Gitarzysta popatrzył się na mnie zdziwionym wzrokiem, ale nic nie mówił. Podeszliśmy do kanapy i usiadłam mu na kolanach.
- Chłopaki-powiedział Alan- to jak? Jesteście zainteresowani?
- Oczywiście!- krzyknął Axl
-To znaczy...- inicjatywę przejął Izzy- Musimy się nad tym zastanowić. No wiesz jako zespół. No i przydało by się spotkać gdzieś tak bardziej oficjalnie.
- Rozumiem- powiedział Alan.- Tutaj macie moją wizytówkę. Z tyłu napisałem wam nazwę restauracji ,w której mam nadzieję ,ze jutro o 18 się zobaczymy. - podał wizytówkę Izziemu ,pożegnał się z chłopakami i wyszedł.
- No nieźle!-krzyknął Alder- Ten gościu jest mega. Daje nam takie dobre warunki. Az chce się kurwa żyć!- krzyknął i oparł się o oparcie fotela. Wszyscy popatrzyli na niego zdziwieni, ale po chwili przytaknęli mu.
- A własne- powiedziałam.- Chłopaki ktoś czeka na was.- uśmiechnęłam się tajemniczo.
- Już zaczynam się bać- powiedział Stradlin i wyszedł. Reszta podążyła za nim.
Oczywiście kiedy zobaczyli Aerosmith byli zdziwieni (zwłaszcza widząc ich w przebraniach). Najbardziej zaszokował ich oczywiście Joey. Ale myślę, że każdego zaszokowałby widok Kramera wystylizowanego na murzyna. Nie codzienny widok. Prędzej zobaczysz Stevena jako kobietę.
W The Roxy siedzieliśmy tak do około czwartej świętując "małe zwycięstwo" Guns N' Roses.
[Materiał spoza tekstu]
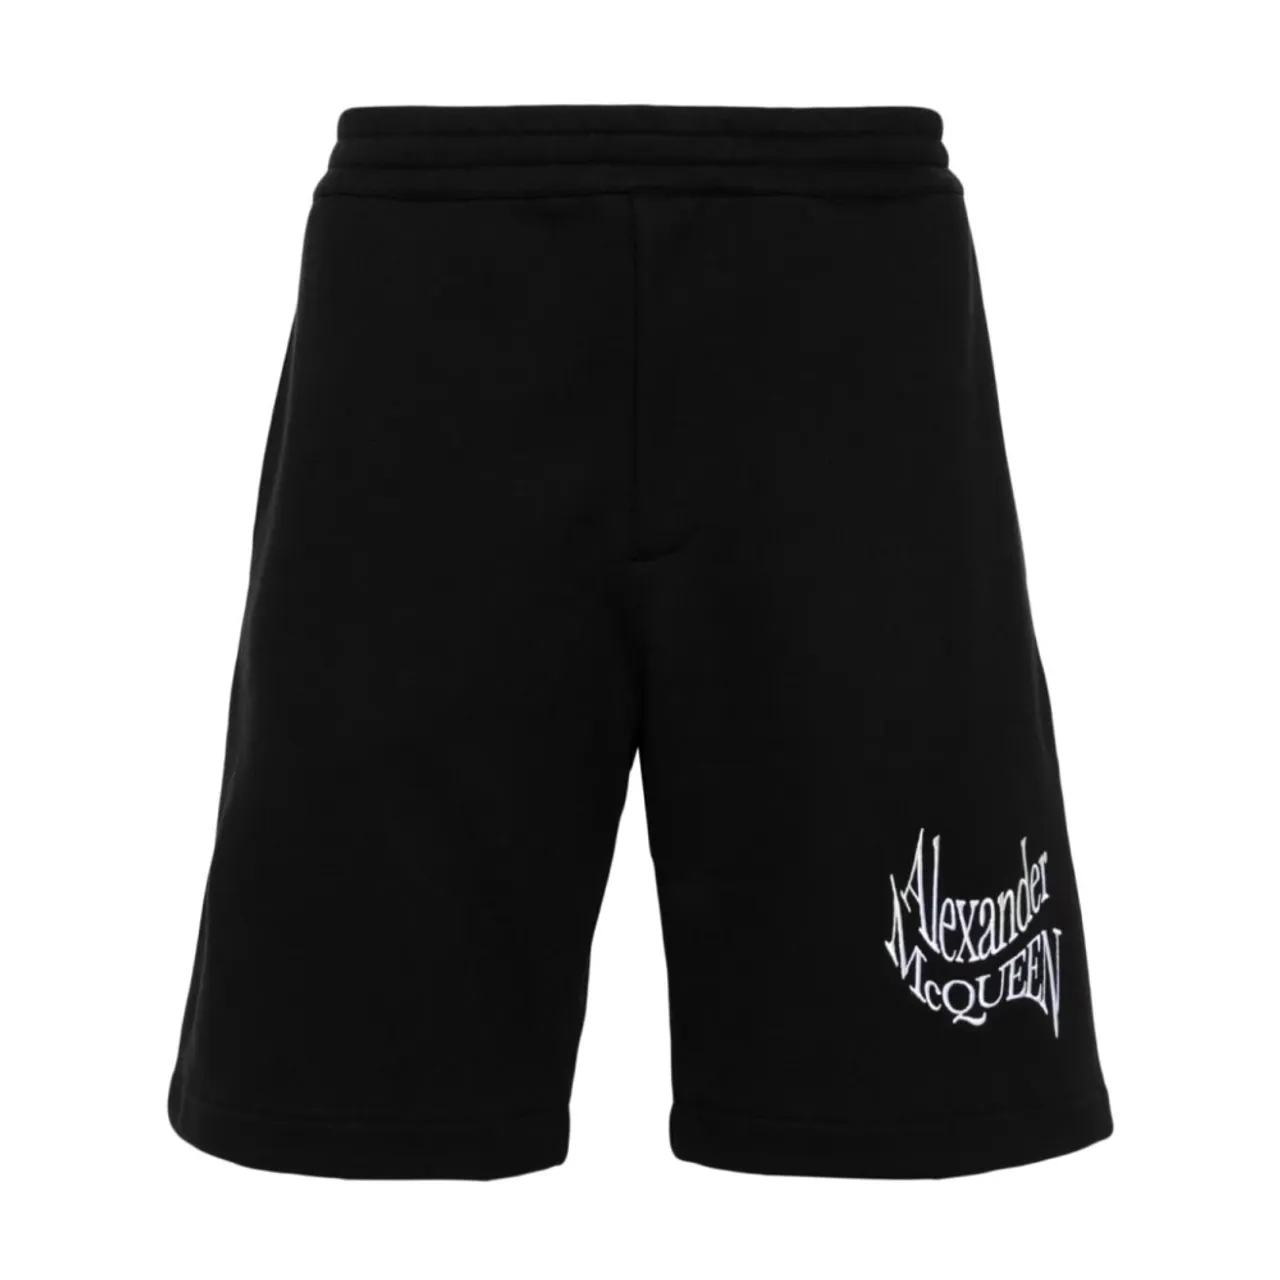 Alexander McQueen , Black Cotton Shorts with Embroidered Logo ,Black male, Sizes:

Następnego dnia po podpisaniu umowy, była kolejna impreza tym razem w Hellhouse. Było Skid Row i przyjaciele, Aerosmith , Motley i oczywiście Gunsi.

Tydzień po wyjeździe mamy, we wtorek poznałam dziewczynę Duffa. Była niską brunetką ,z bardzo miłym uśmiechem i miała wszystko tam gdzie trzeba. Nie dziwię się McKaganowi, że mu się podobała, gdybym była facetem sama bym ją chciała wyruchać. Ale pomijając tą kwestię jest bardzo sympatyczna. I zakochana w naszym basiście tak samo jak on w niej. To takie słodkie. Ciągle patrzą na siebie tymi maślanymi oczętami i trzymają się za ręce. Duffy zmienił się o 180 stopni. Nie pije tak dużo wódki, a zwłaszcza gdy ma się spotkać z Madison*. No wiecie "ogranicza". Półtora butelki dziennie, a kiedy spotyka się z wybranką tylko jedną, ale czasem zdarza się i pół!!!!!! To po postu najlepsza rzecz jaka go spotkała.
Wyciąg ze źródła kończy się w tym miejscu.